Anda di halaman 1dari 8

TUGAS MAKALAH

FILSAFAT PRAGMATISME DALAM KEBIJAKAN PUBLIK

Prof. Waspodo, M.Ed., Ph.D.

Disusun oleh:
H. Herman Mayori
NIM:07013682126021

Fakultas Ilmu Sosial dan Ilmu Politik


Program Doktor Administrasi Publik
Universitas Sriwijaya
2021
KATA PENGANTAR

Puji syukur penulis panjatkan kehadirat Tuhan Yang Maha Esa karena atas berkat
RahmatNya, penulis dapat menyelesaikan tugas makalah ini dengan tepat waktu.
Makalah ini disusun sebagai tugas mata kuliah filsafat ilmu pada Program Doktor
Administrasi Publik. Penulis berharap tulisan ini dapat bermanfaat bagi pembacanya dan
dapat menambah wawasan bagi kita semua. Penulis mengucapkan terima kasih atas
bimbingan Prof. Waspodo, M.Ed., Ph. D yang telah memberikan berbagai penjelasan dan
materi serta bimbingan dalam penulisan makalah ini. Penulis juga mengucapkan terima kasih
untuk rekan-rekan Program Doktoral Angkatan 2021 yang selalu saling berbagi ilmu dan
informasi untuk kemajuan bersama.
Penulis menyadari bahwa masih banyak kekurangan ilmu dan referensi dalam
penulisan tentang cabang ilmu filsafat ini. Oleh karena itu, penulis berharap kritik dan saran
sebagai perbaikan makalah dan pengalaman untuk penulisan di masa yang akan datang.

Penulis

H. Herman Mayori
NIM:07013682126021
A. Pendahuluan
Pragmatisme berasal dari kata bahasa Yunani, yakni “pragma” yang memiliki arti
dengan tindakan, perbuatan. Pragmatisme adalah aliran filsafat yang berpandangan bahwa
kriteria kebenaran apakah sesuatu itu memiliki kegunaan bagi kehidupan nyata. Oleh karena
itu, kebenaran sifatnya menjadi relatif dan menjadi tidak mutlak. Aliran pragmatisme pada
hakikatnya adalah aliran yang bersedia menerima segala hal, asalkan hal tersebut berakibat
baik atau berguna. Aliran ini mementingkan kegunaan suatu pengetahuan dan bukan
kebenaran objektif dari pengetahuan. Pragmatisme akan menguji suatu pengetahuan dan akan
mengetahui kebenaran pengetahuan tersebut melalui konsekuensi dari pelaksanaan
pengujiannya. Dengan demikian, aliran pragmatisme tidak mau direpotkan dengan
pertanyaan-pertanyan seputar kebenaran yang bersifat metafisik.

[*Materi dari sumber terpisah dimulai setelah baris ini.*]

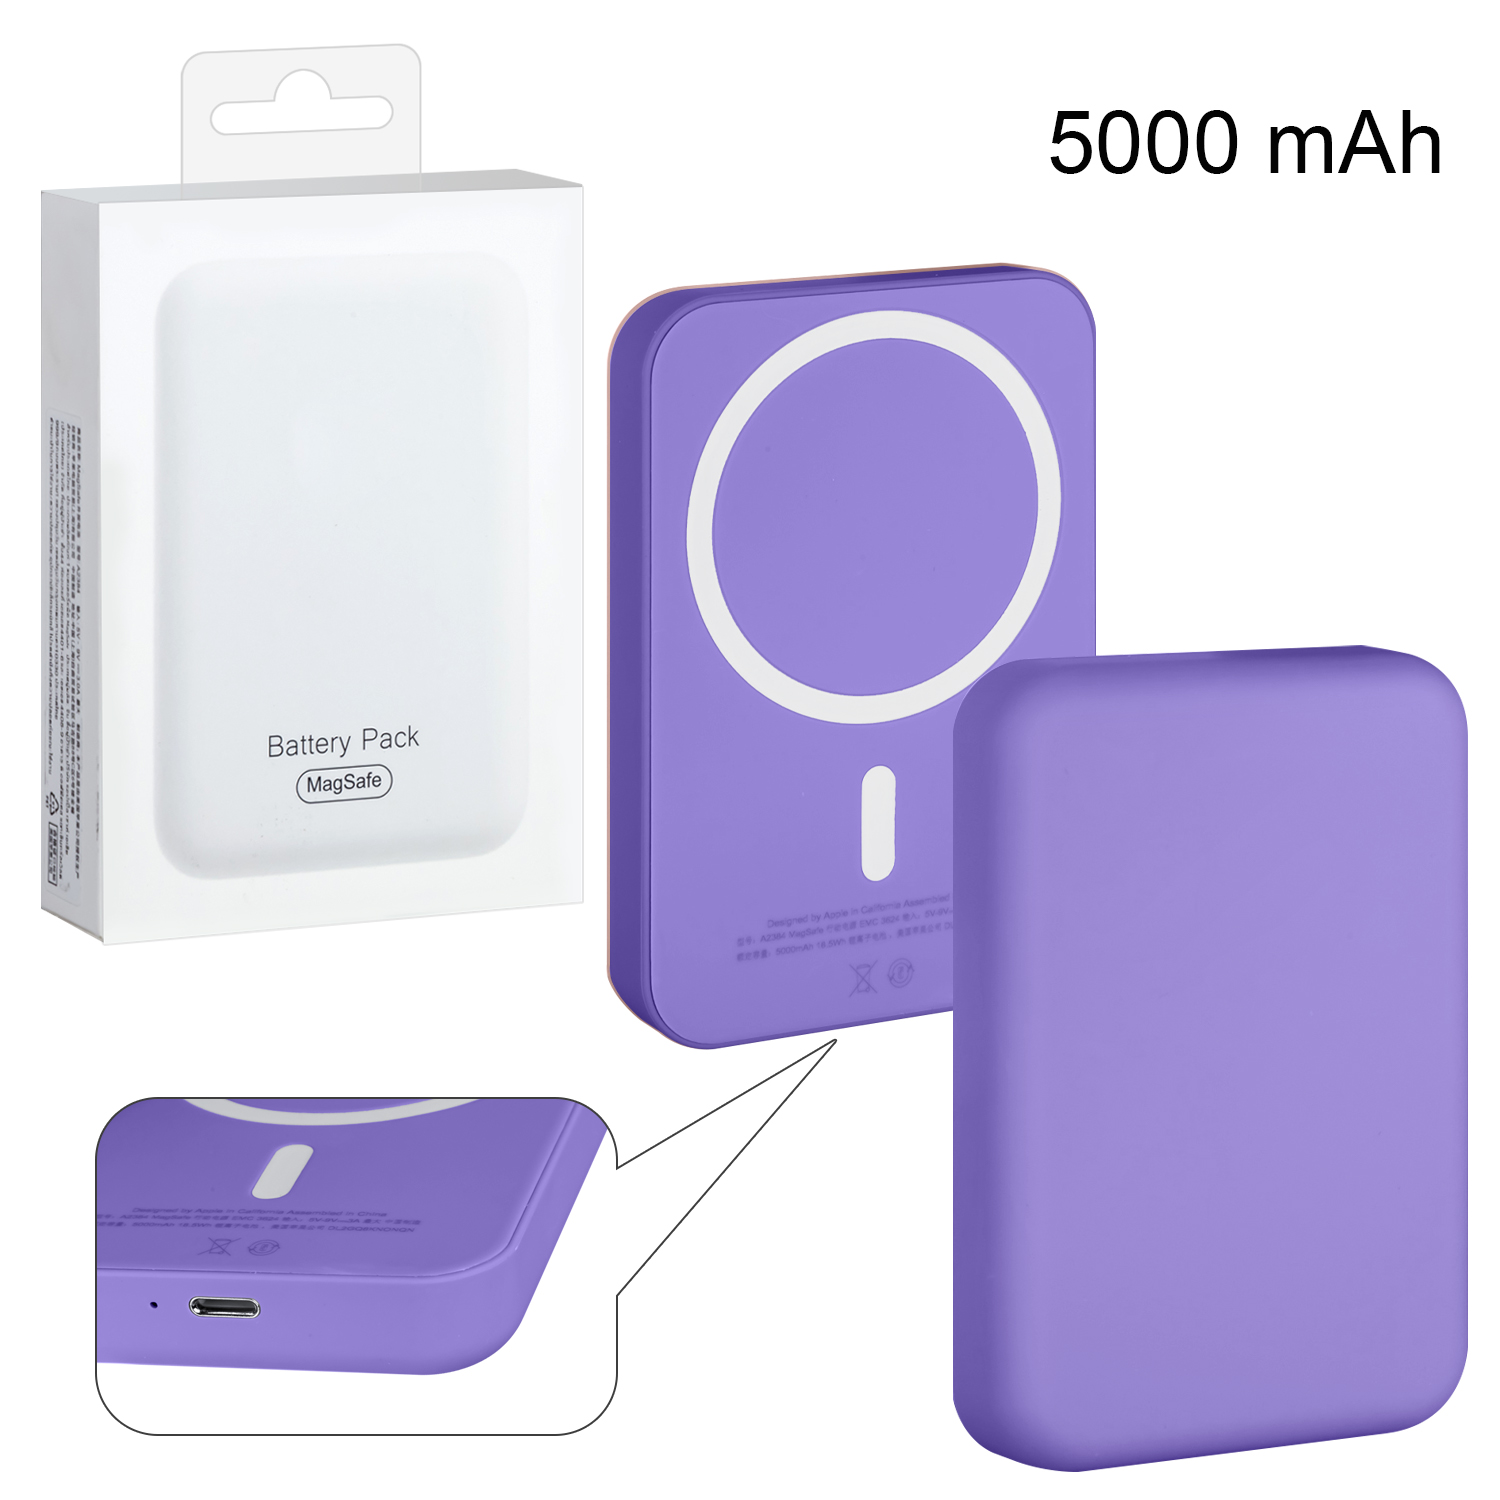 Беспроводное зарядное устройство Magsafe магнитное 5W 5000mAh (no logo) фиолетовый

Pragmatisme sudah banyak dibicarakan oleh para ahli, baik dilihat sebagai aliran
pemikiran filsafat, maupun sebagai konsepsi yang bersifat praktis. Pragmatisme juga dikenal
sebagai sikap dan metode yang lebih menekankan pada akibat dan kegunaan setiap konsep
atau gagasan daripada berputar-putar dengan masalah metafisis-filosofis. Paham ini memiliki
karakteristik yang membedakannya dari paham-paham lainnya. Respon terhadap paham ini
bermacam-macam. Banyak yang mendukung dan banyak pula yang menentangnya. Kesan
negatif terhadap paham ini muncul antara lain karena paham ini dinilai enggan dengan
perdebatan filosofis yang tiada henti, enggan mendiskusikan asumsi-asumsi dasar, persepsi
dan nilai-nilai yang mendasar, dan cenderung langsung turun pada perencanaan praktis.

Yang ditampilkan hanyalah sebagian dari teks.